THE UNION OF Students in Ireland has said it can’t condone the targeting of first year students for a “number of very ridiculous stunts” at a meeting of the Accounting and Finance Society (A&F). 

A&F has been banned from hosting social events this semester following an EGM in which students were put through a number of tasks in order to be elected as class representative on the committee. 

Speaking to Sean O’Rourke  on RTE Radio 1 this morning President of the USI Síona Cahill, said they have received a number of reports from students who were very uncomfortable with what unfolded. 

On behalf of students and students unions and  student societies across the country this was  unacceptable behaviour.

At the meeting, students who are single had to “shift” (kiss) someone to move onto the next round, according to DCU’s  college newspaper the College View.

Discussing the events with O’Rourke, Cahill said: “There were people incredibly uncomfortable in that room”:

We don’t condone what was going on here but we’re not the crap craic squad.
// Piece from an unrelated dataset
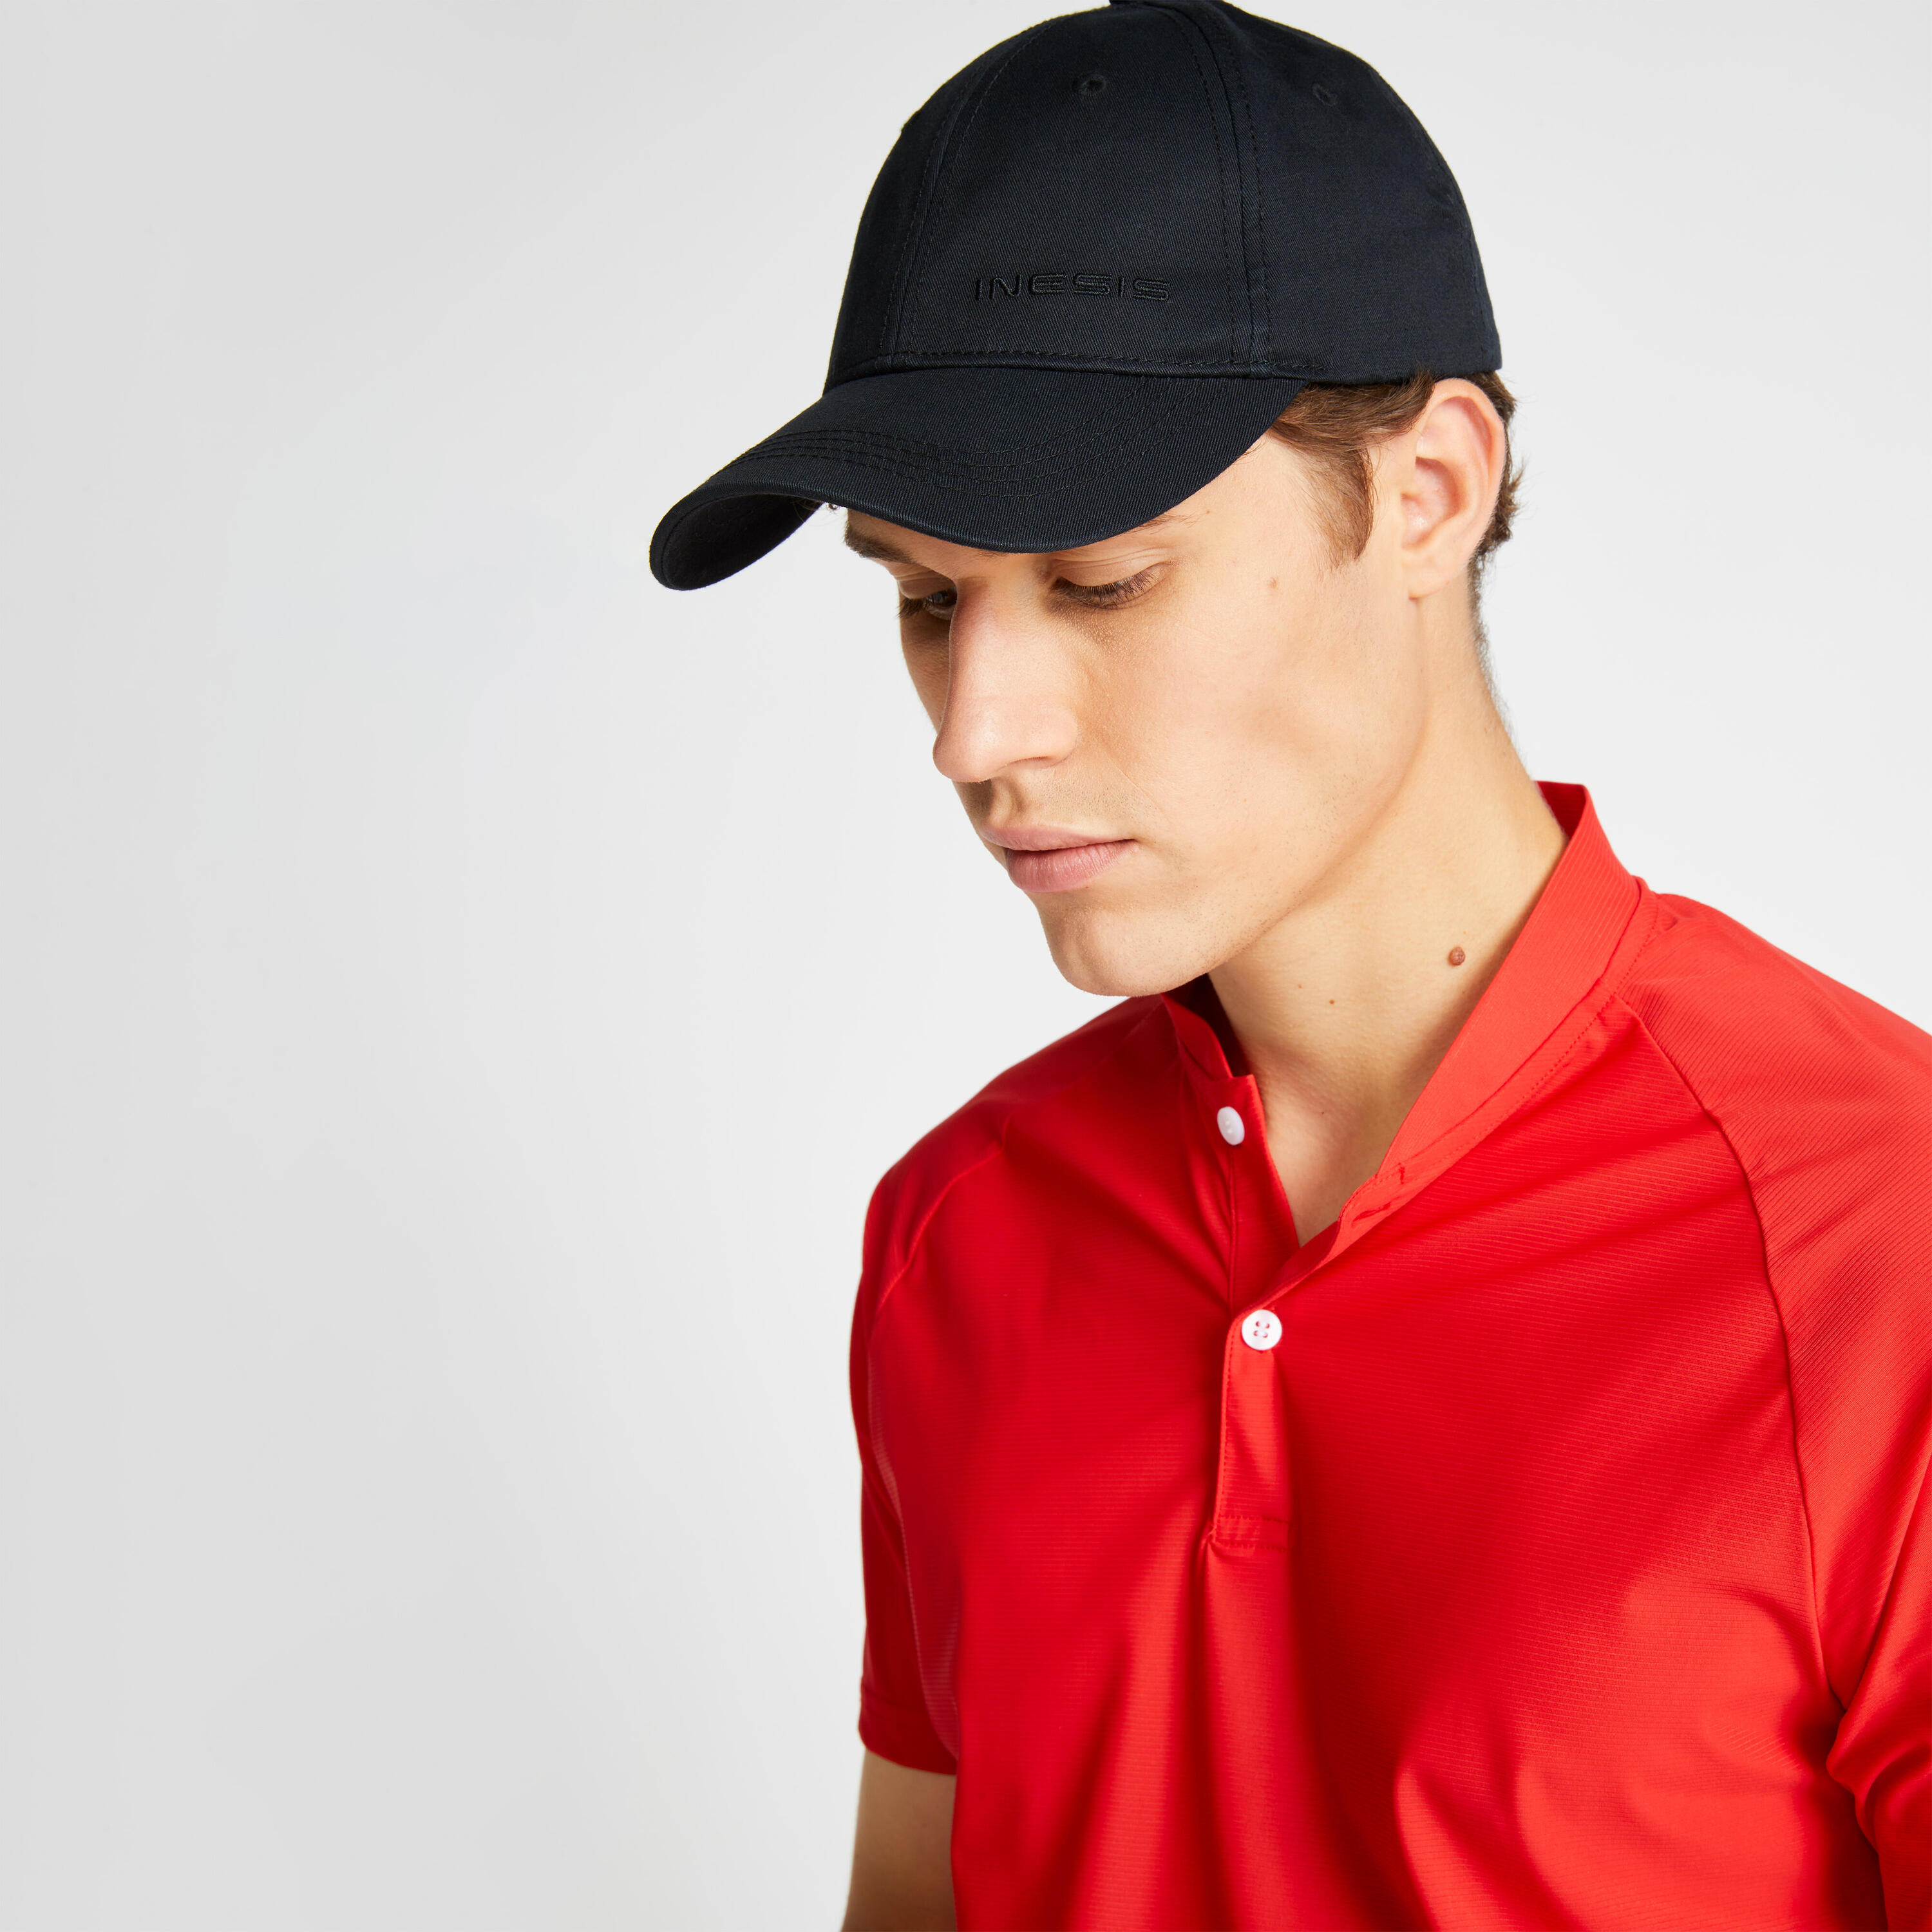 Men's short-sleeved golf polo shirt - WW900 red 4/4
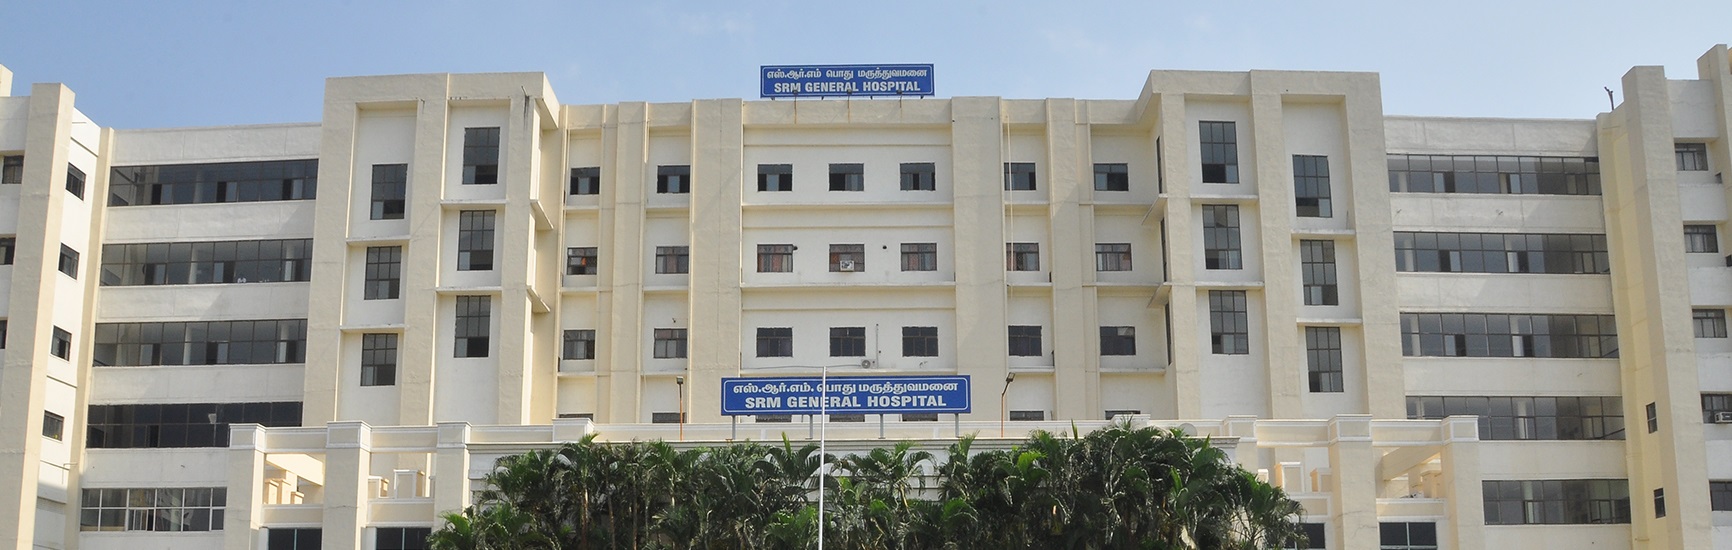 SRM Medical College Hospital and Research Centre, Kattankulathur.

Cahill said that what was going on would have been more appropriate for the sex quiz for the Sexual Health Awareness and Guidance week where students know what they are signing up for. 

She told O’Rourke that what was being described by the students was unacceptable, but that this type of hazing is not reflective of college societies here: 

It’s not a thing in societies in Ireland, this incident is quite isolated but that doesn’t mean that it’s OK.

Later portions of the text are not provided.